## Exercise aim
Look below for the line with "Cathode emission testing". Retype it and every line after it to the end, exactly, but leave out the pictures.

## Provided data
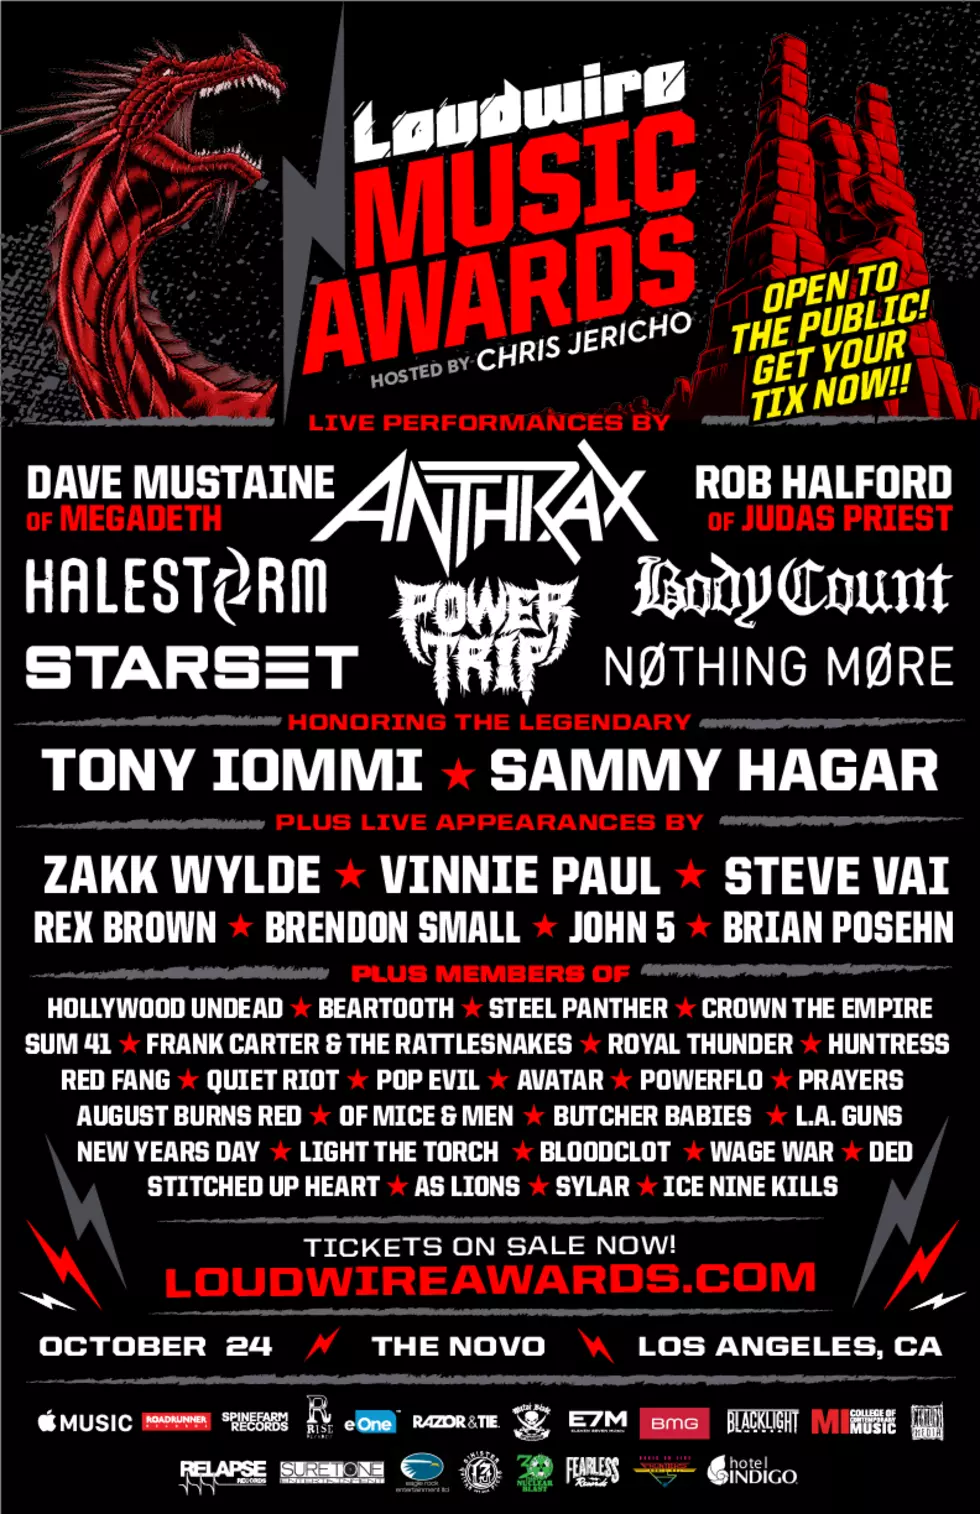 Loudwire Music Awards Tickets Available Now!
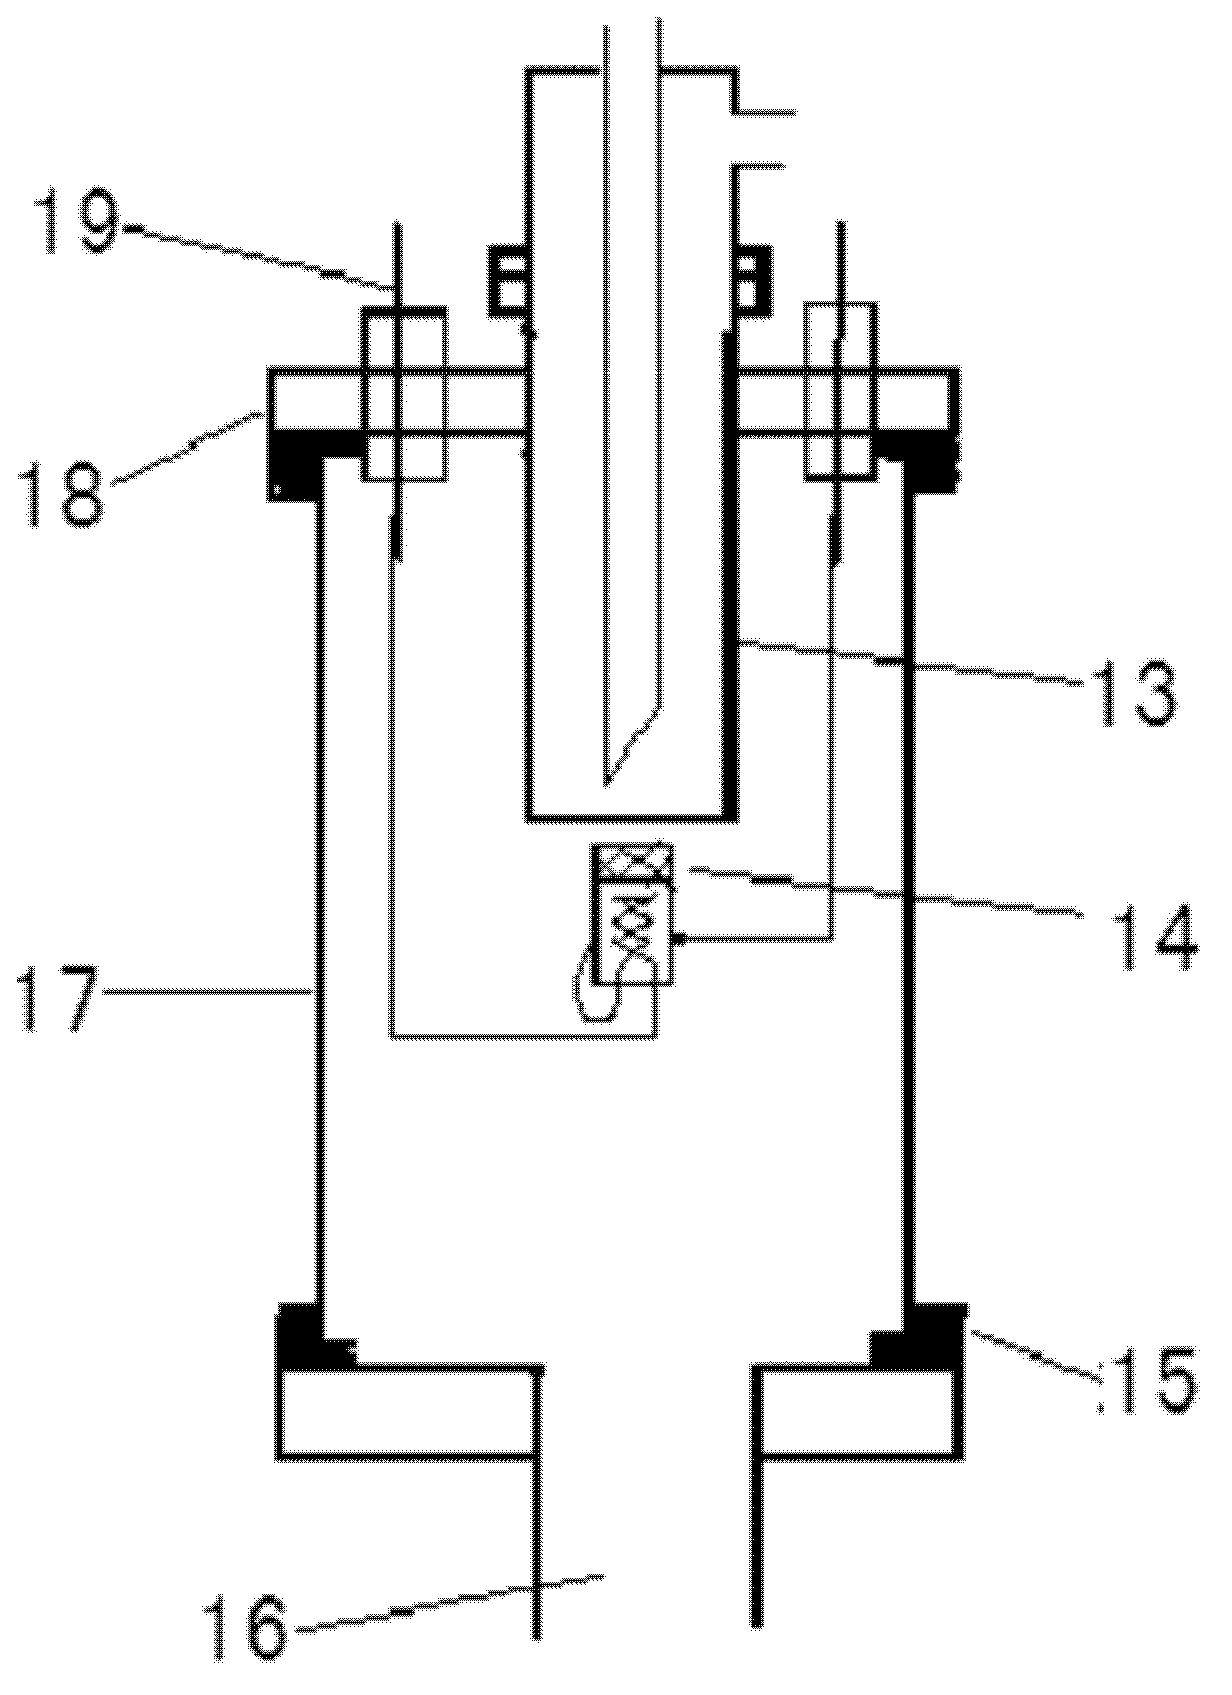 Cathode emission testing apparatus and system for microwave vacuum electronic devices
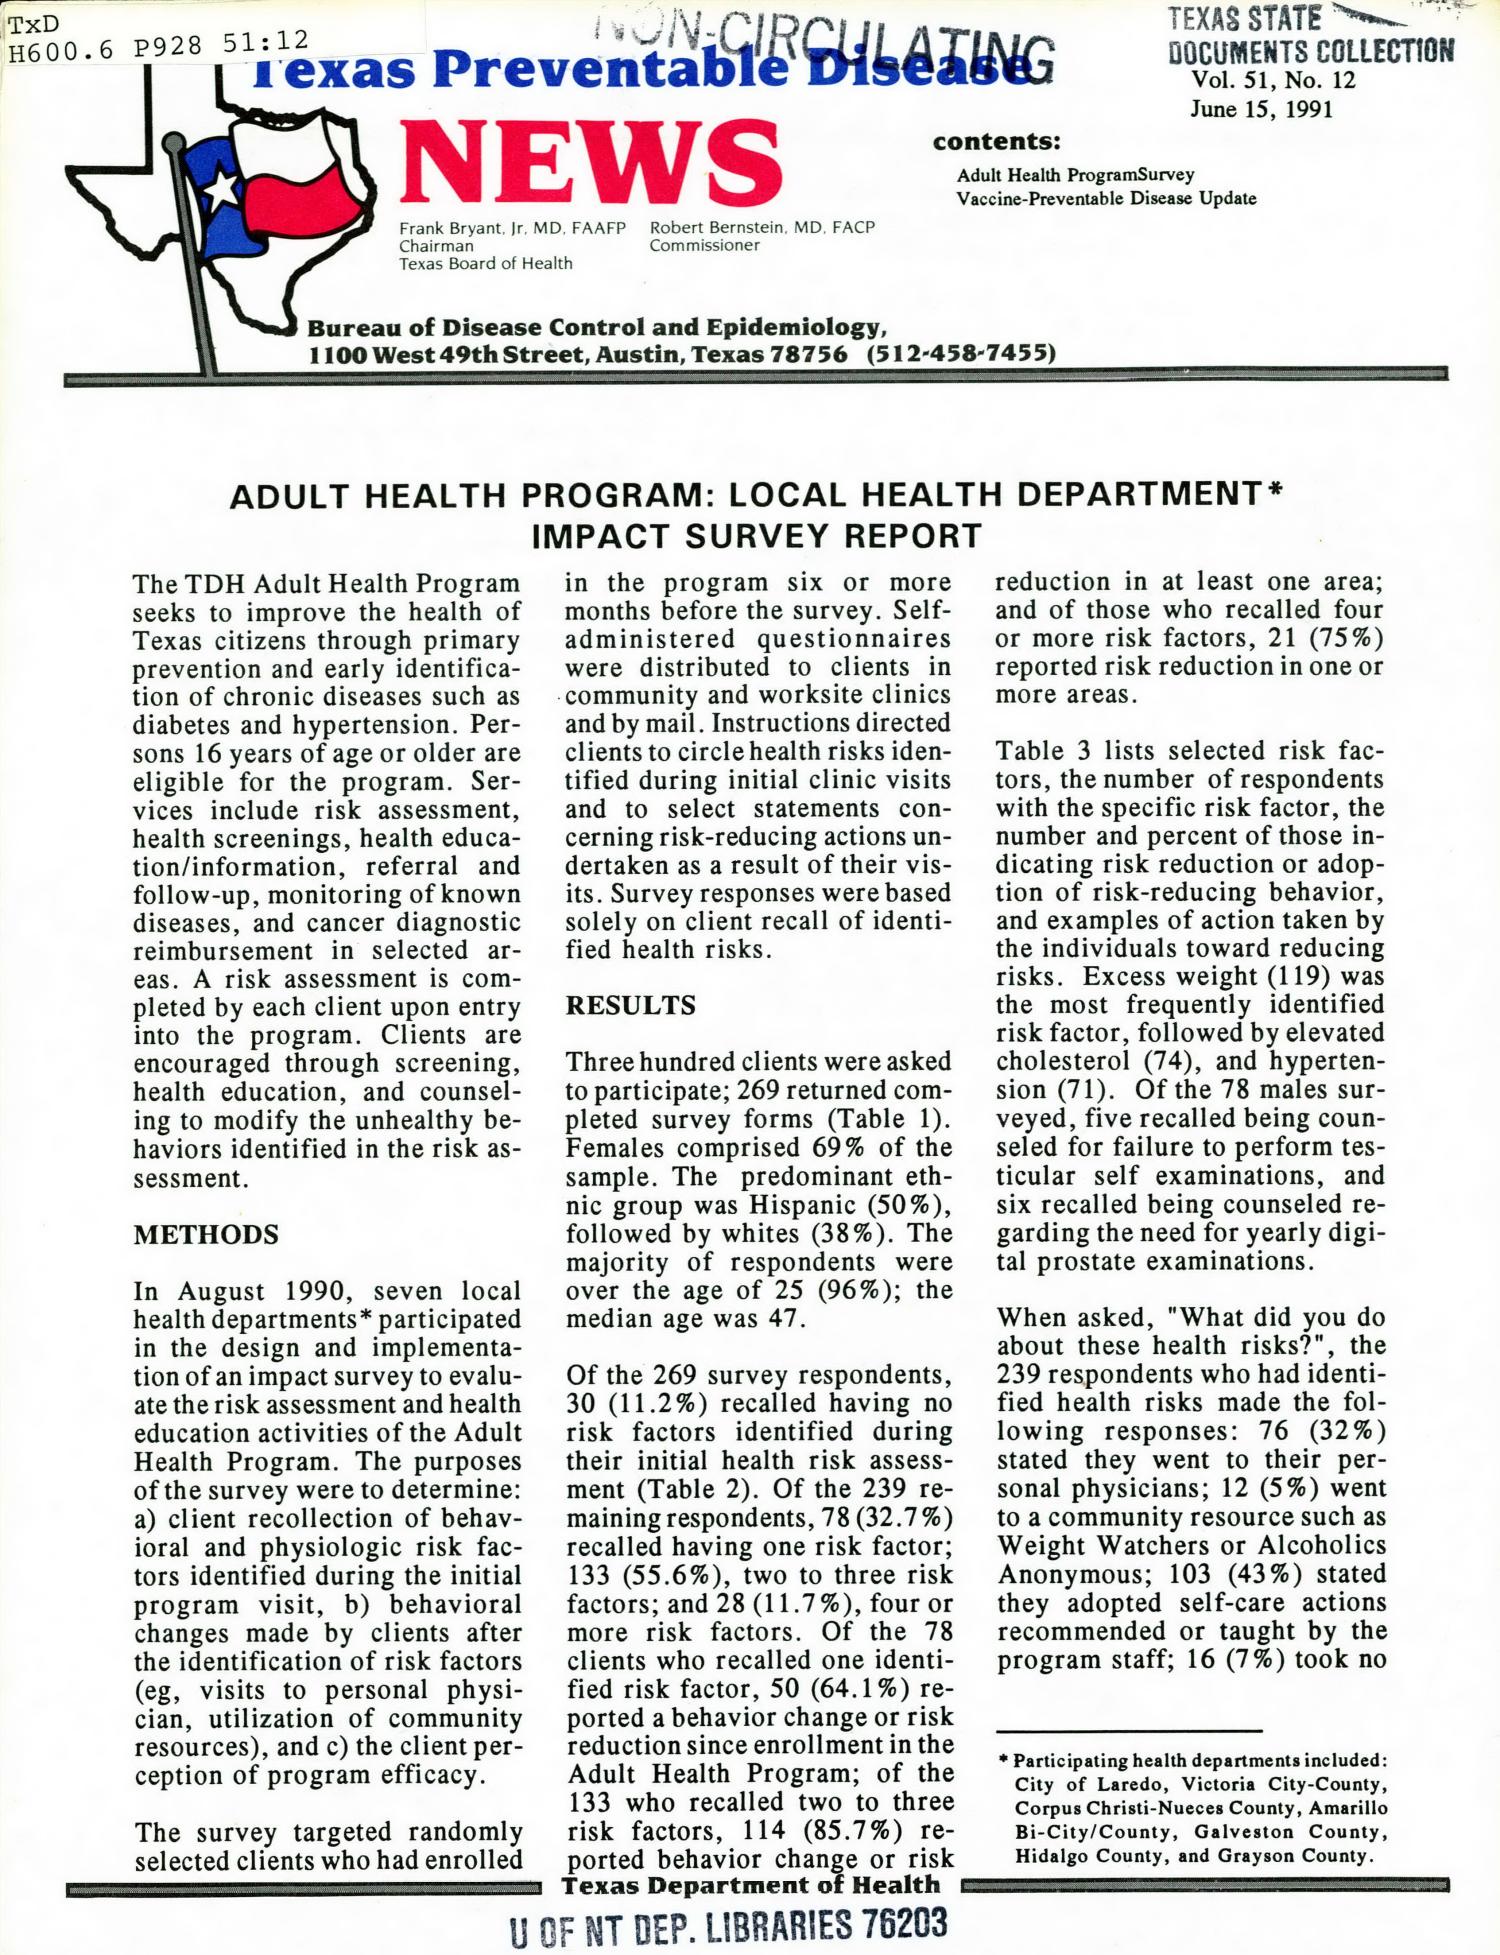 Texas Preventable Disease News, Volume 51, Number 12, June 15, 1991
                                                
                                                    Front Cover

## Task output
 Cathode emission testing apparatus and system for microwave vacuum electronic devices
 Texas Preventable Disease News, Volume 51, Number 12, June 15, 1991
                                                
                                                    Front Cover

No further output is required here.